**Dataset content**.
════

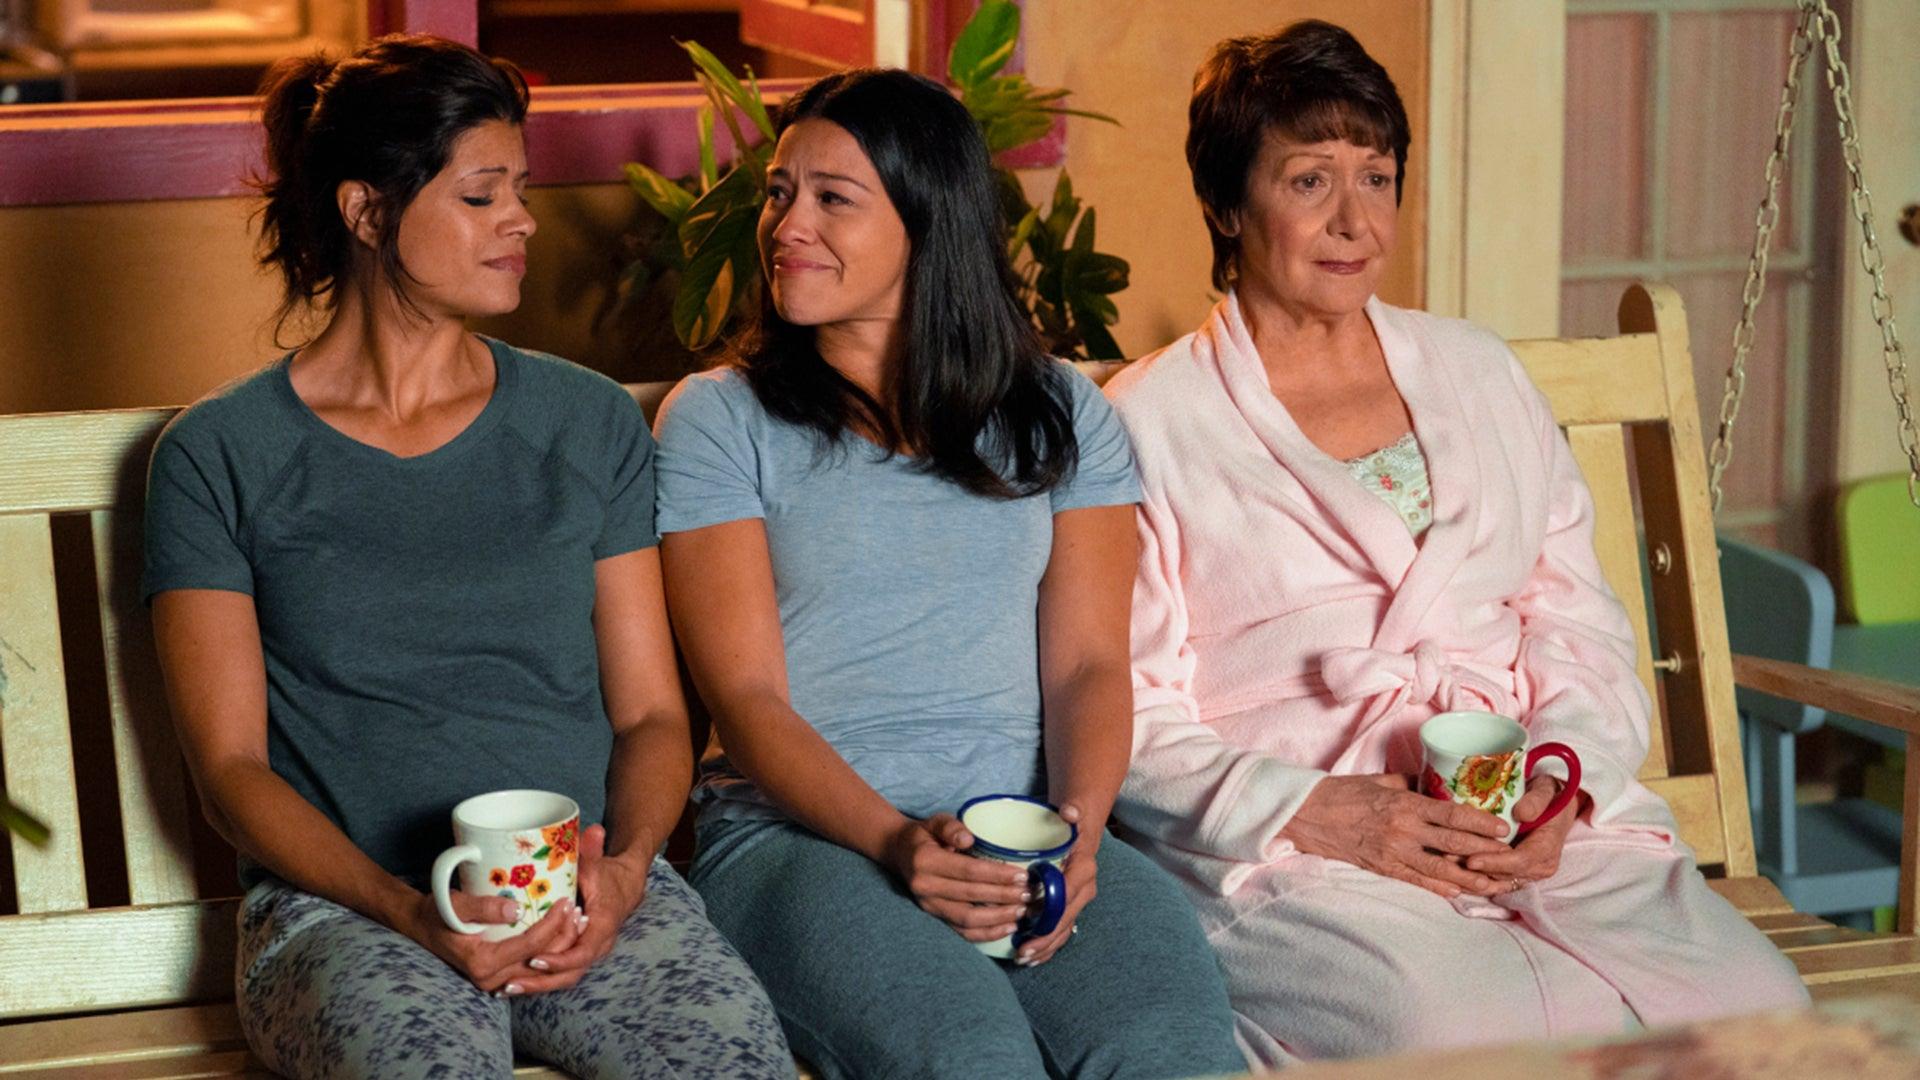 Andrea Navedo, Gina Rodriguez, Ivonne Coll, Jane the Virgin
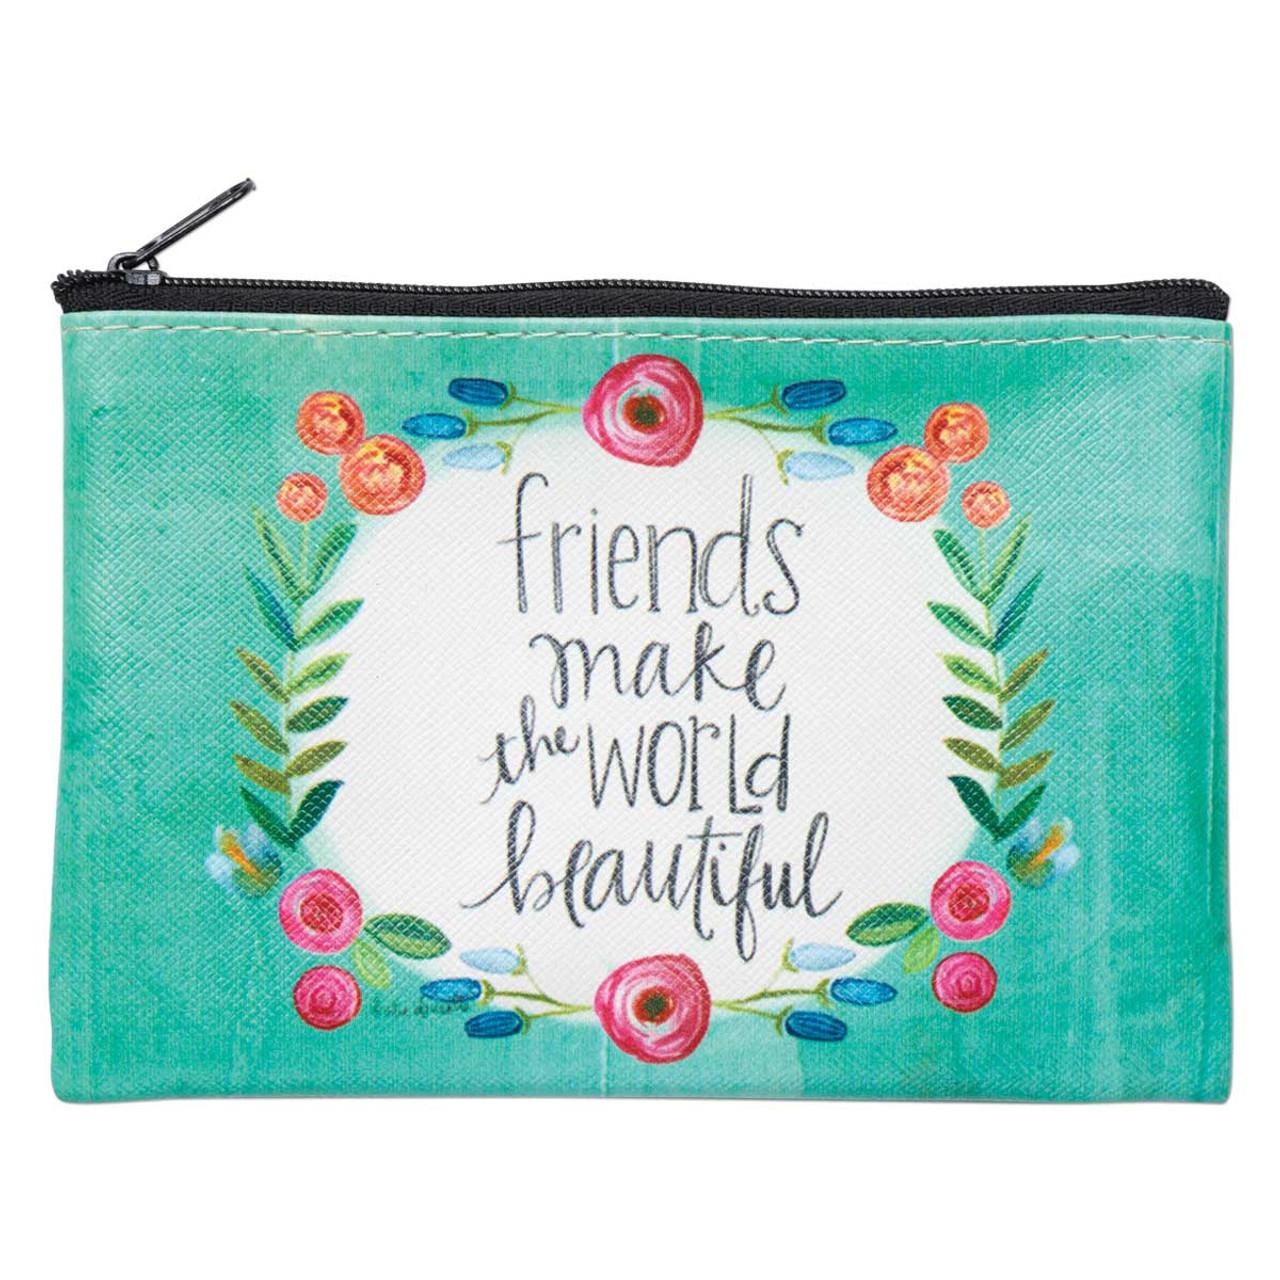 friends make the world beautiful zippered coin purse
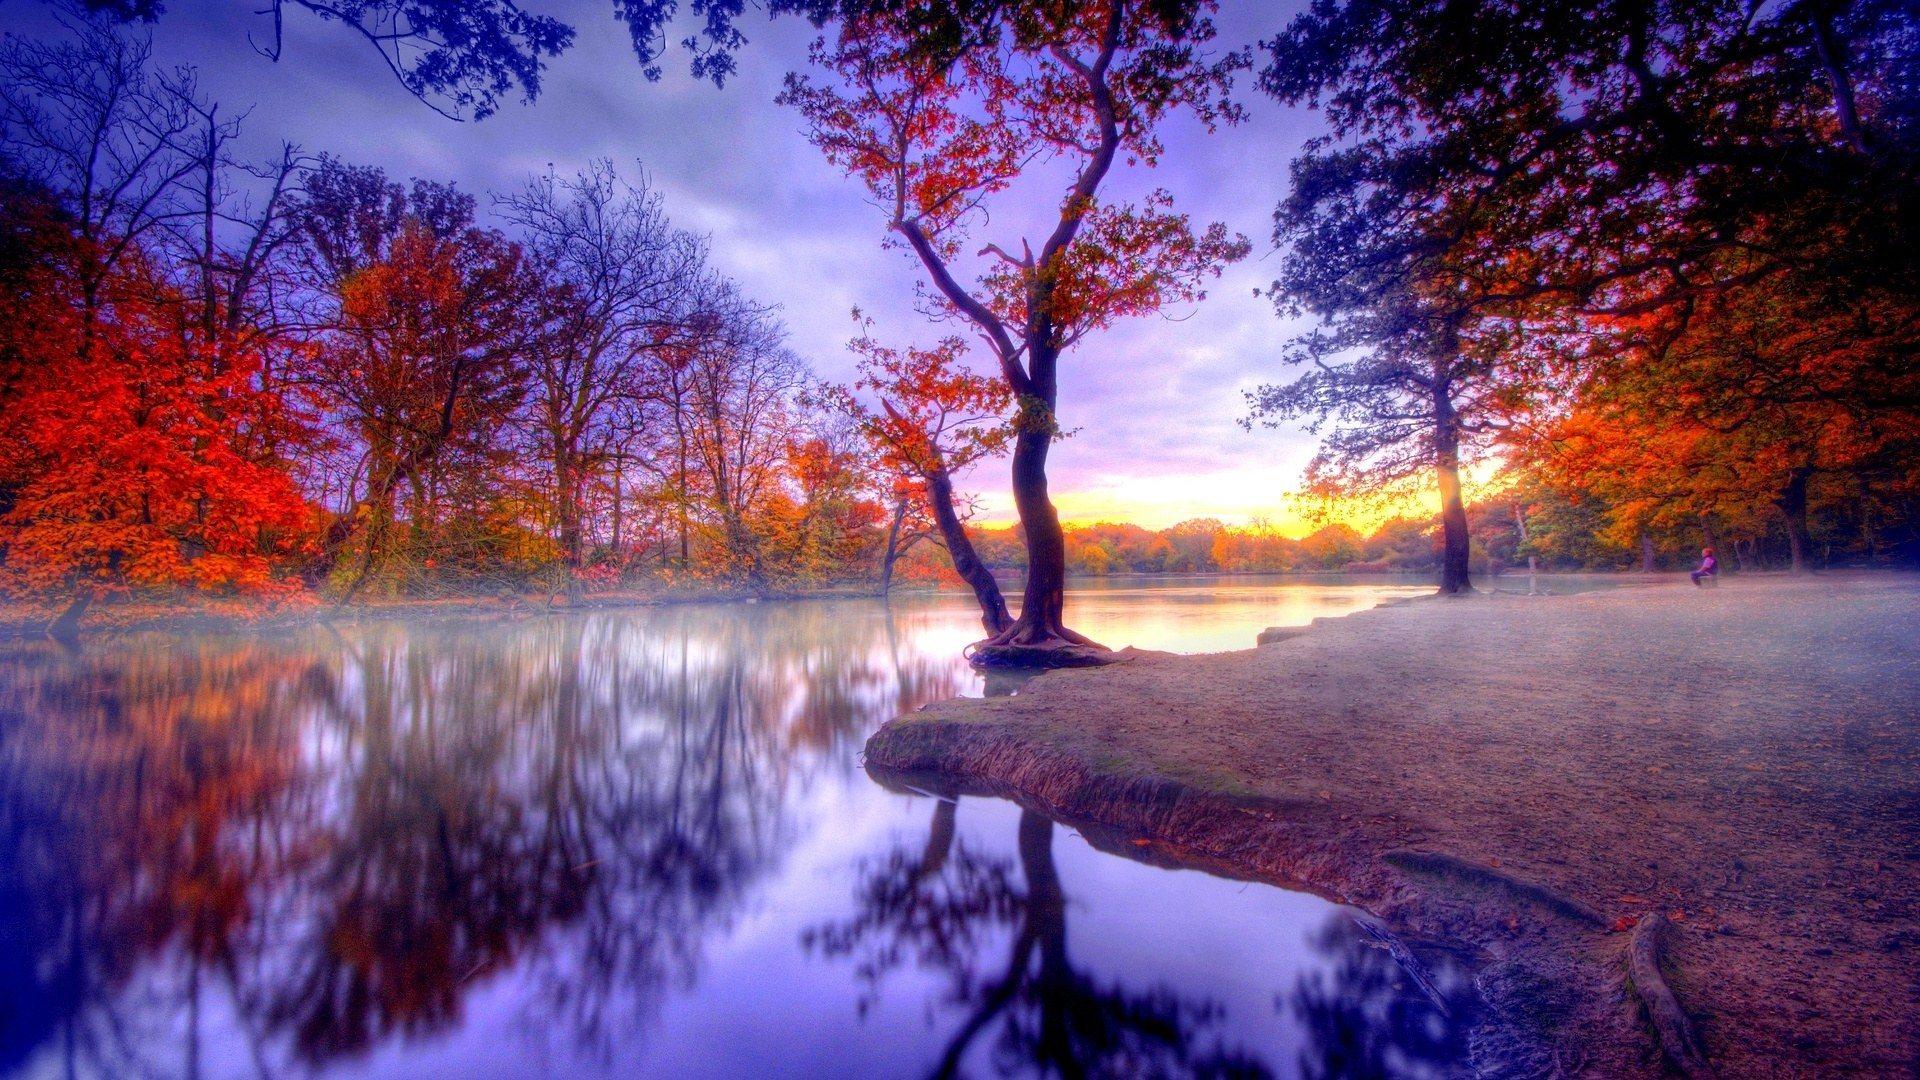 Autumn Landscape | Full HD Desktop Wallpapers 1080p
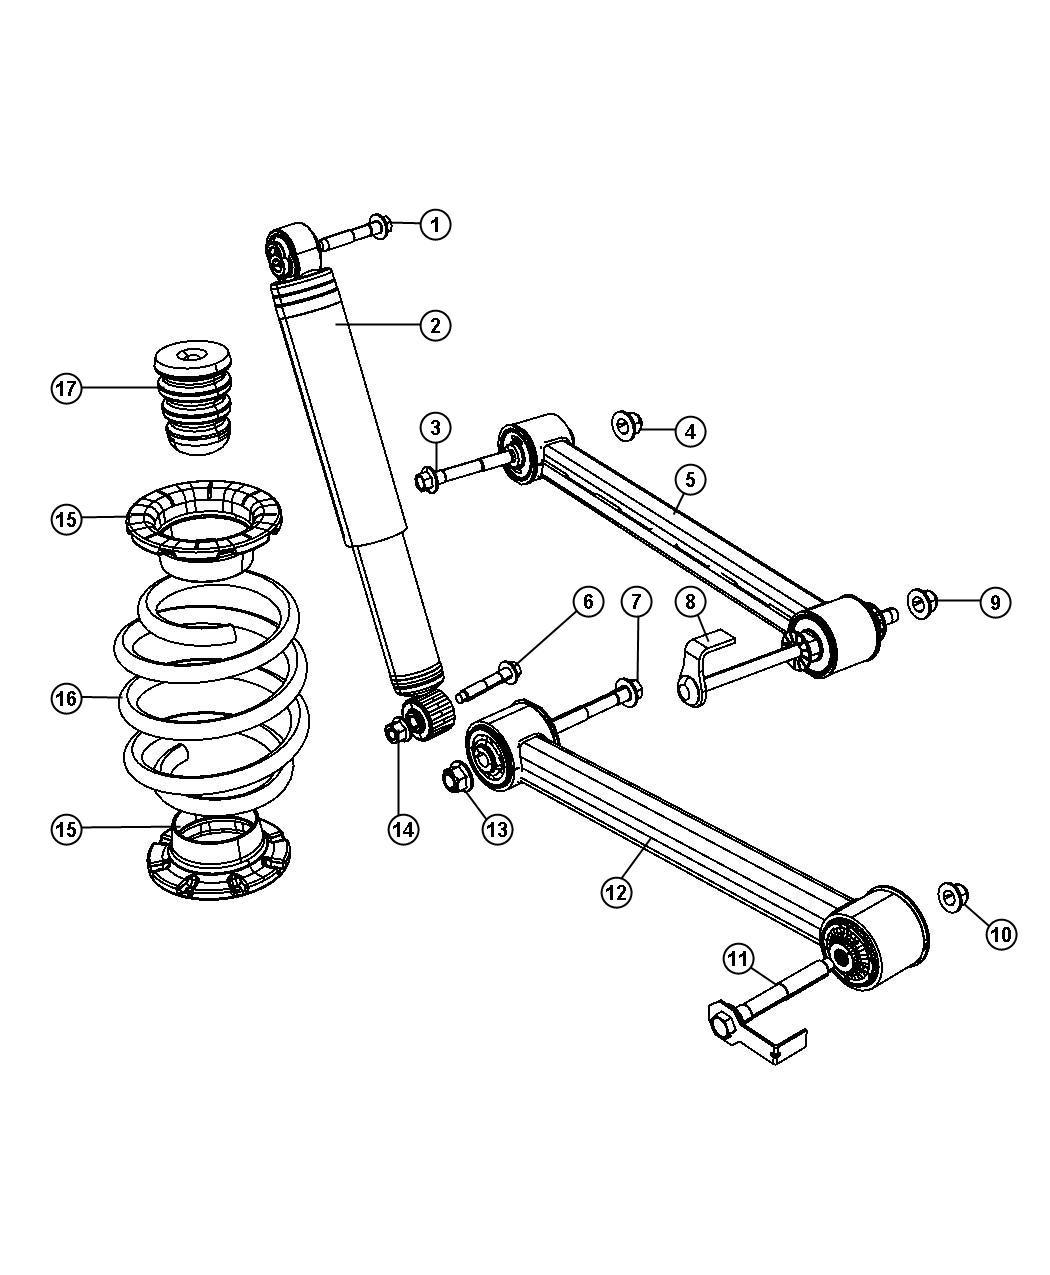 Dodge NITRO Arm. Lower control. Rear. Suspension, bushings

════

**How to complete this task**.
Give the data again exactly as it appears, but without any images.

**Answer**.
 Andrea Navedo, Gina Rodriguez, Ivonne Coll, Jane the Virgin
 friends make the world beautiful zippered coin purse
 Autumn Landscape | Full HD Desktop Wallpapers 1080p
 Dodge NITRO Arm. Lower control. Rear. Suspension, bushings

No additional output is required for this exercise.